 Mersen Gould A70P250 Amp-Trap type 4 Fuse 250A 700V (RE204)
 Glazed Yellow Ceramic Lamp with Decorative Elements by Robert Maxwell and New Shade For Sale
---
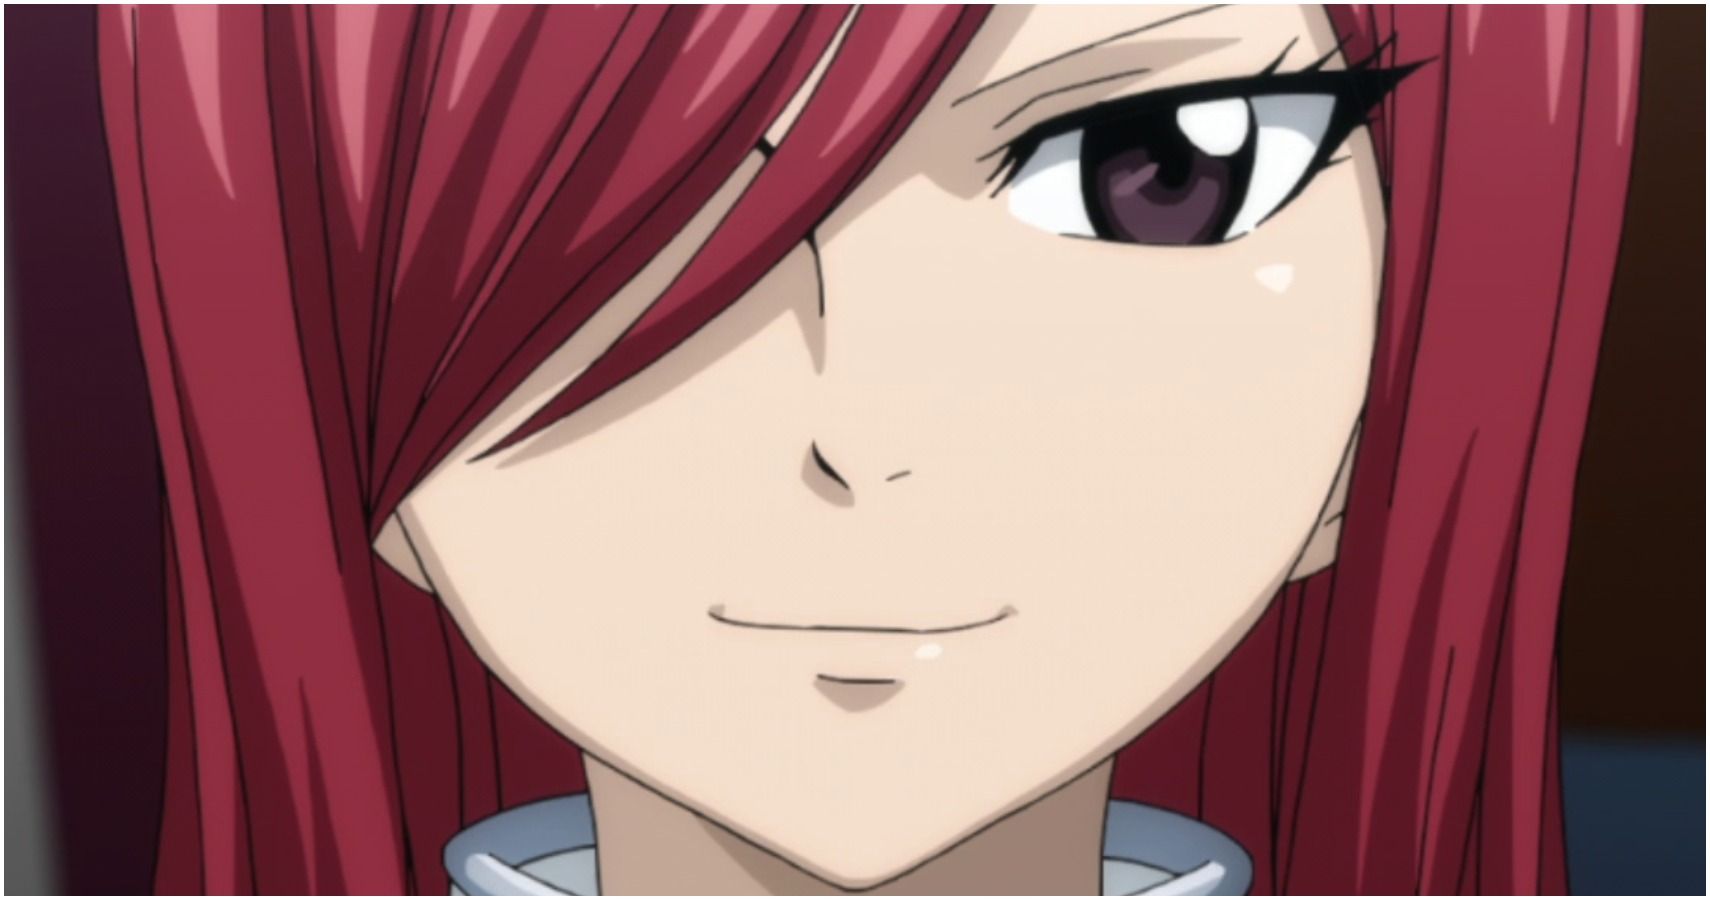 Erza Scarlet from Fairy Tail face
...
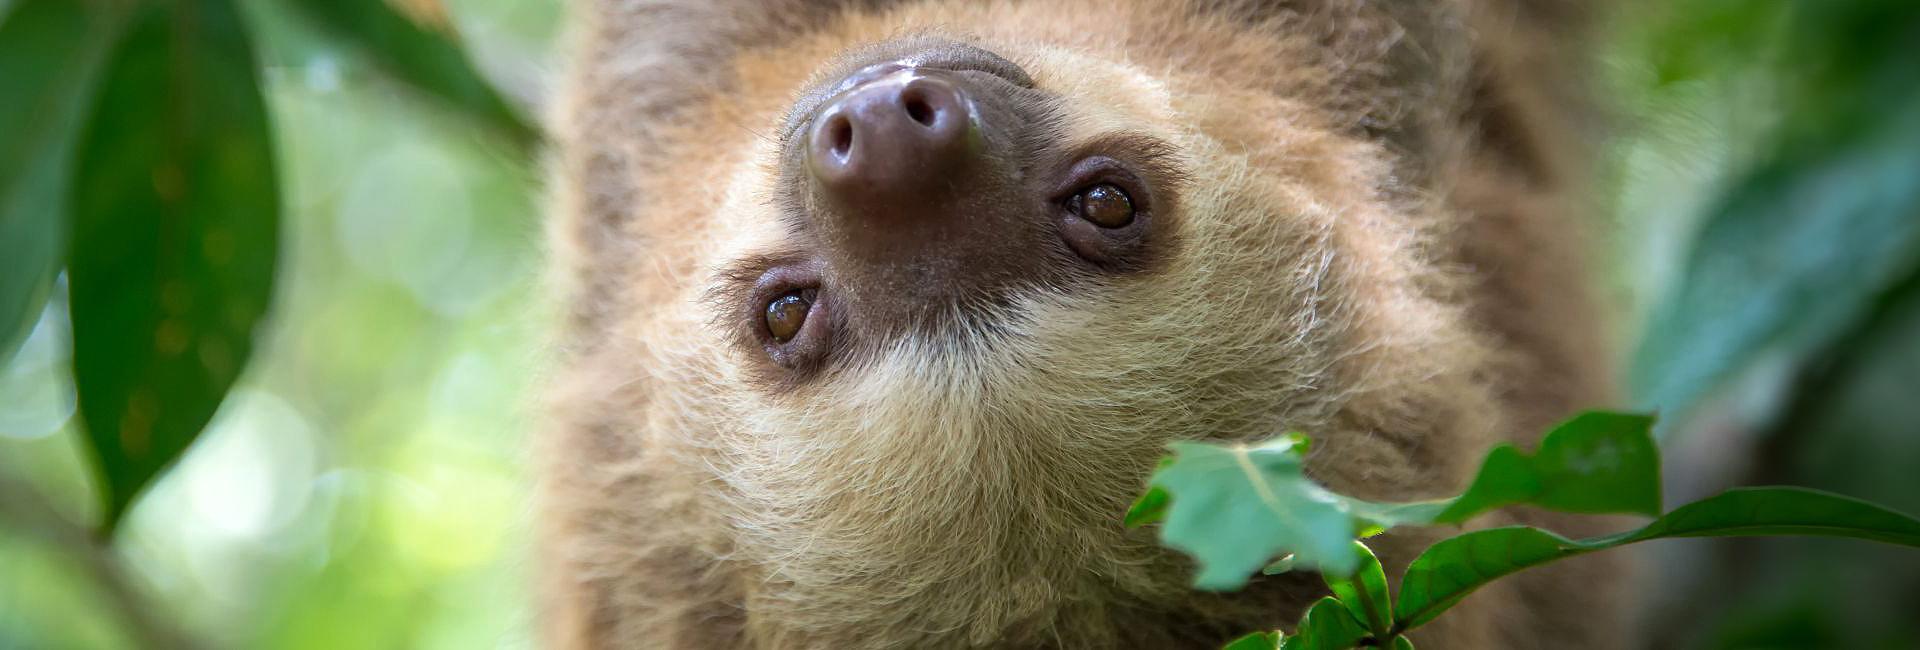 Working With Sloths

_EXERCISE DESCRIPTION_
Your answer should consist of the lines from the line with "Mersen Gould A70P250" to the line with "Glazed Yellow Ceramic" above, repeated exactly, both ends included.

_SOLUTION TO THIS PROBLEM_
 Mersen Gould A70P250 Amp-Trap type 4 Fuse 250A 700V (RE204)
 Glazed Yellow Ceramic Lamp with Decorative Elements by Robert Maxwell and New Shade For Sale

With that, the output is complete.